The European Day for Victims of Crime is being marked in Serbia for the fifteenth time, and its goal is to make the consequences which the victims of crime suffer visible to the broader public and to encourage society to protect the rights of victims more efficiently and fully.
“The behaviour toward victims is truly a test for all of us, and that was recently shown in the case of the kidnapping of little girl Monika K, which was a multi-level test both for public authorities, as well as for many other parts of society, primarily the media,” said Nataša Novaković from the OSCE Mission to Serbi, which is, as a partner of the Ministry of Justice, implementing the project “Support for Victims and Witnesses of crime in Serbia”, financed by the European Union.
She stated that the consequence of sensationaliast reporting in this, as well as in many other cases, represented secondary victimization of the victim, and that humane, democratic societies could not allow that.
The fact that 75 million people in Europe become victims of crime on an annual level is concerning, but also reminds the states that each society needs to dedicate more attention to this issue. One of the responses to the growing crime rates is the EU Directive on rights of victims, said Una Kelly, Programme Manager at the judicial department of the EU Delegation to Serbia.

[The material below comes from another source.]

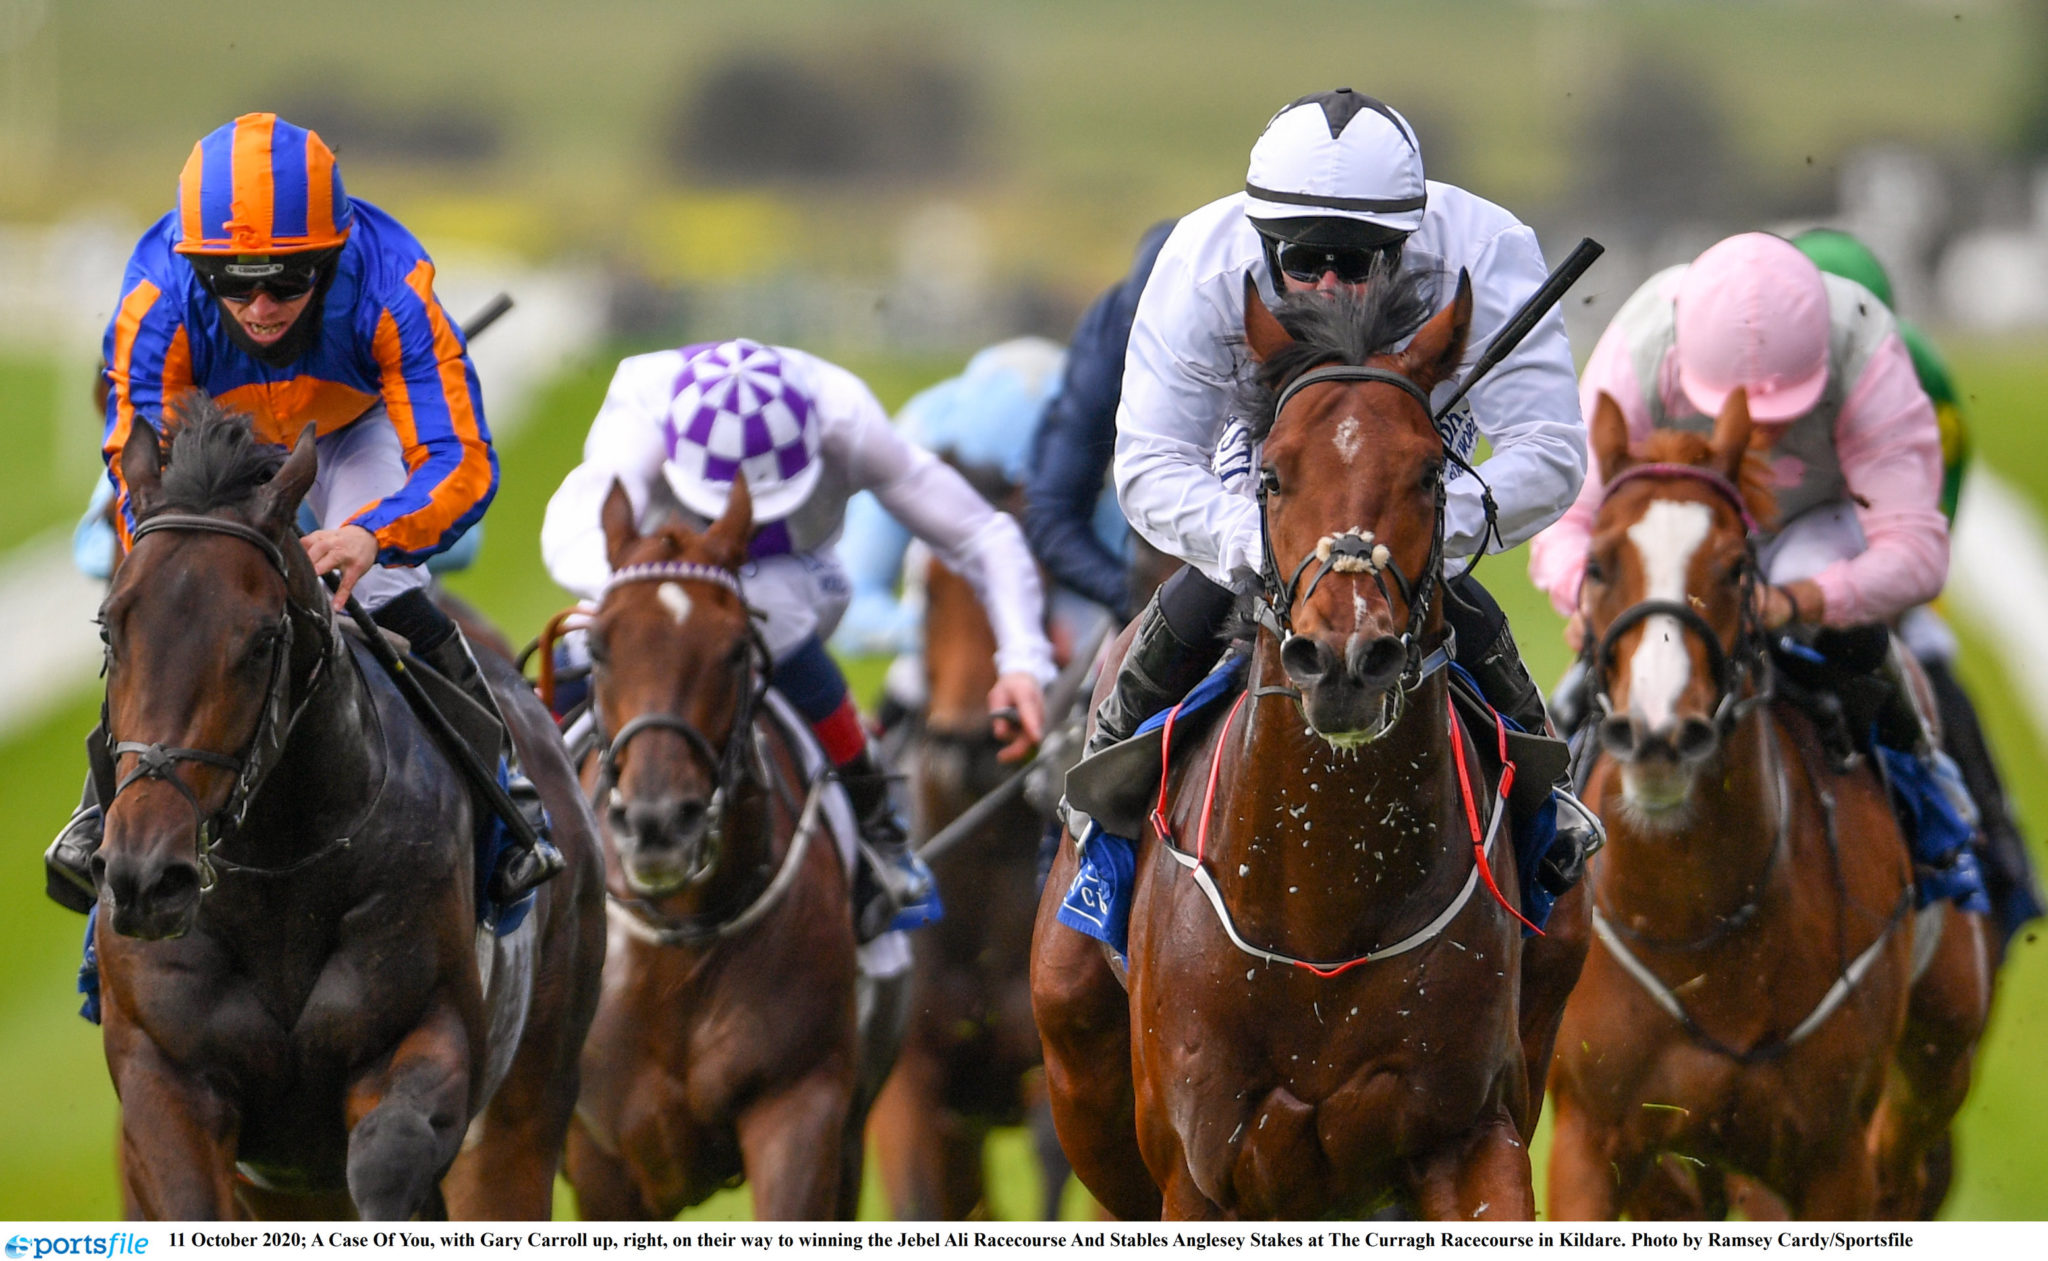 A Case Of You, with Gary Carroll up, right, on their way to winning the Jebel Ali Racecourse And Stables Anglesey Stakes at The Curragh Racecourse in Kildare
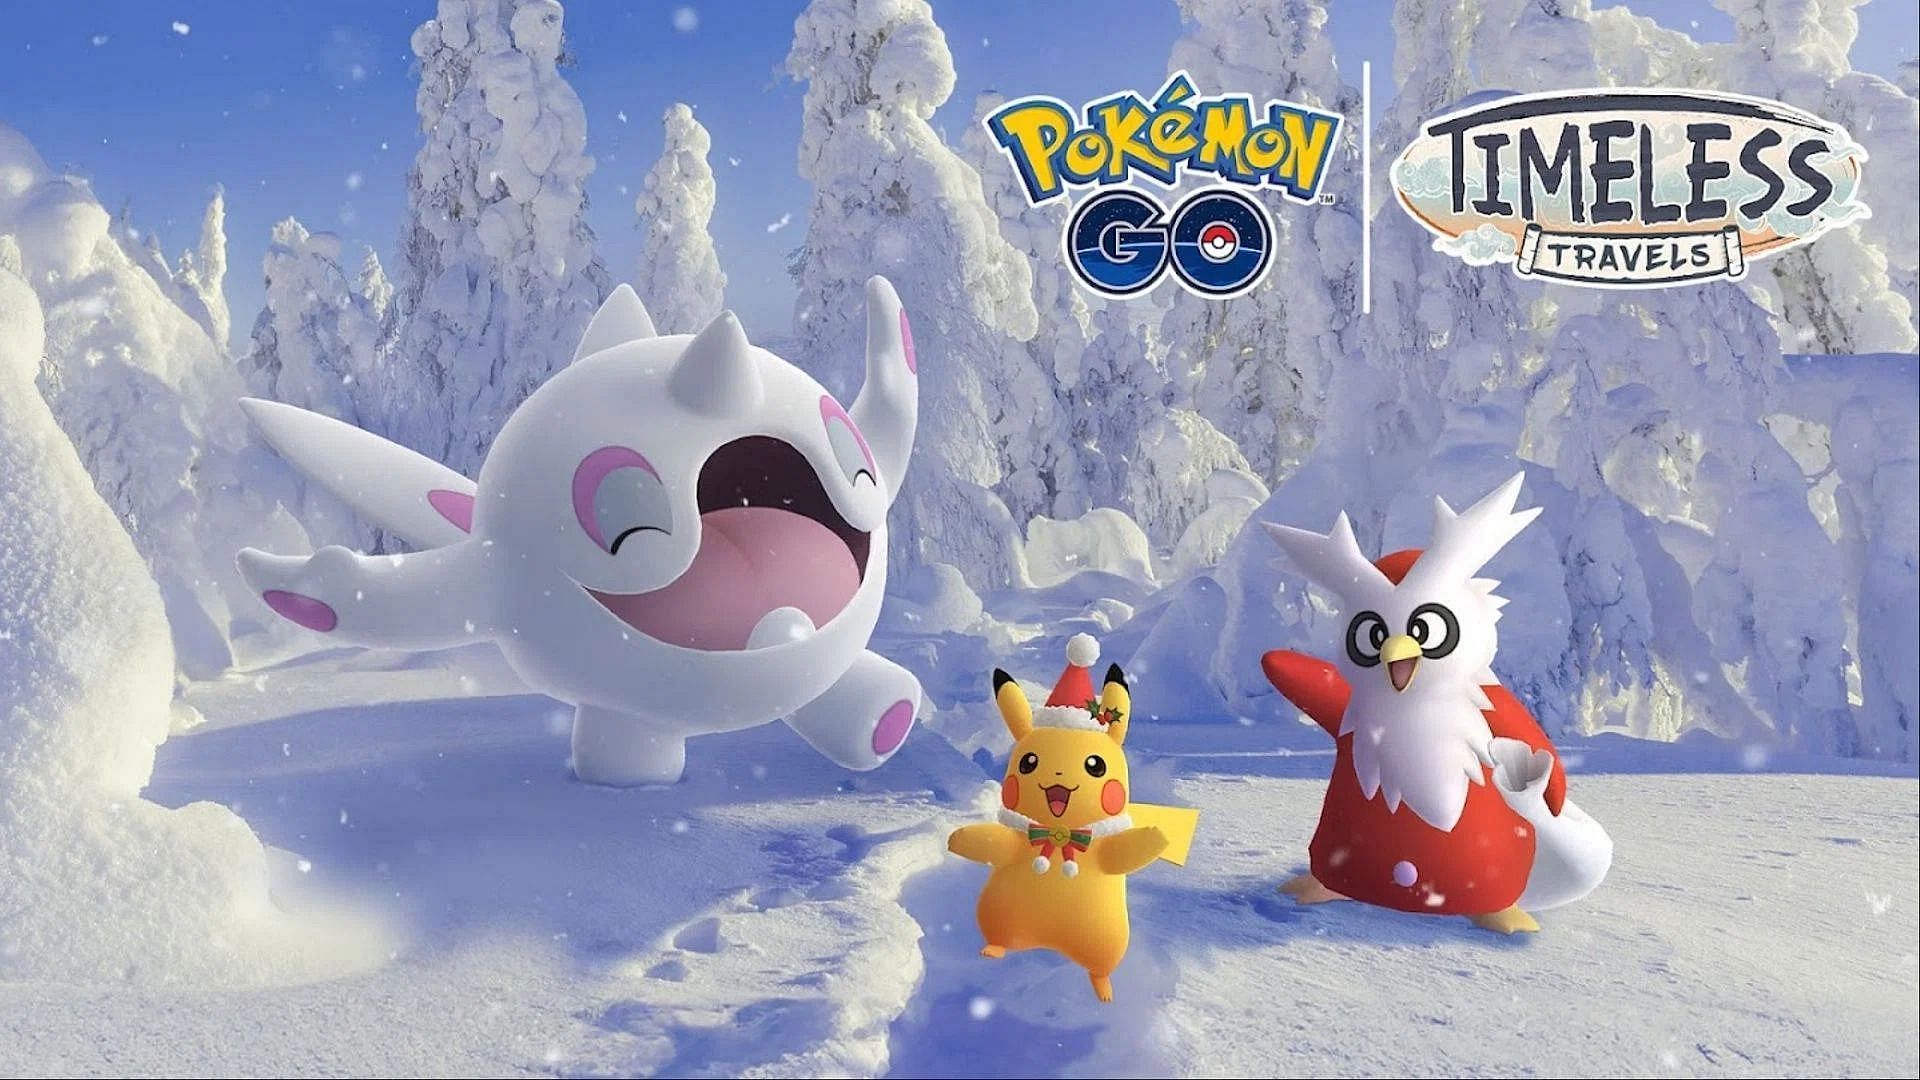 Pokemon GO Frosty Festivities Timed Research tasks and rewards

“European standards require the effective recognition of, and respect for, the rights of victims with regard to their human rights, in particular respect for their security, dignity, privacy and the family life of victims, and to recognise the negative effects of crime on victims” – said Kelly.
Citing the many examples in which the media violated the Codex and the right to dignity of victims with their reporting, journalist Tamara Skrozza said that the Complaints Commission of the Press Council, which she is a member of, received as many as 14 complaints about the reporting about the kidnapping of little Monika, which is a record since this self-regulating body had been established.
Displaying horrific images, publicizing terrible details about the condition of the victim and exploitation of the emotional state of the victim or her family is in breach of both professional and ethical codices, Skrozza said, but also noted that the guilt was not just on journalists, but often on those who disclose such information to the media.
Codices are not violated just by reporters, but also by people from the judiciary, court experts, and even representatives of other state institutions, says therapist Biljana Slavković, who sees that as a sign that assuming professional responsibility is essential in all segments.
“Insufficient awareness in the public comes from insufficient knowledge, and being informed about rights represents the best path to their fulfilment,” – said Dr Milica Kolaković Bojović, an expert working on the drafting of the National Strategy on improving the position of victims. This was also demonstrated by the
initial public opinion survey carried out within the auspices of the project “Support for Victims and Witnesses of Crime in Serbia” which showed that the citizens of Serbia had an insufficient understanding of the problem of support for victims and witnesses, the rights they have and the ways to enjoy them, and also that they had a low level of awareness regarding victims of severe crimes.
All this was taken into consideration in the creation of the National Strategy which, alongside the establishment of the National Victim Support Network, includes the definition of contact points in the police and the judiciary, where victims will be able to receive all basic information about the rights and support they are entitled to, introduction of audio-video equipment which will ensure the ability to make statements without direct contact between the victim and the accused, and a series of mechanisms which will contribute to creating a comprehensive system of support for victims and witnesses of crimes.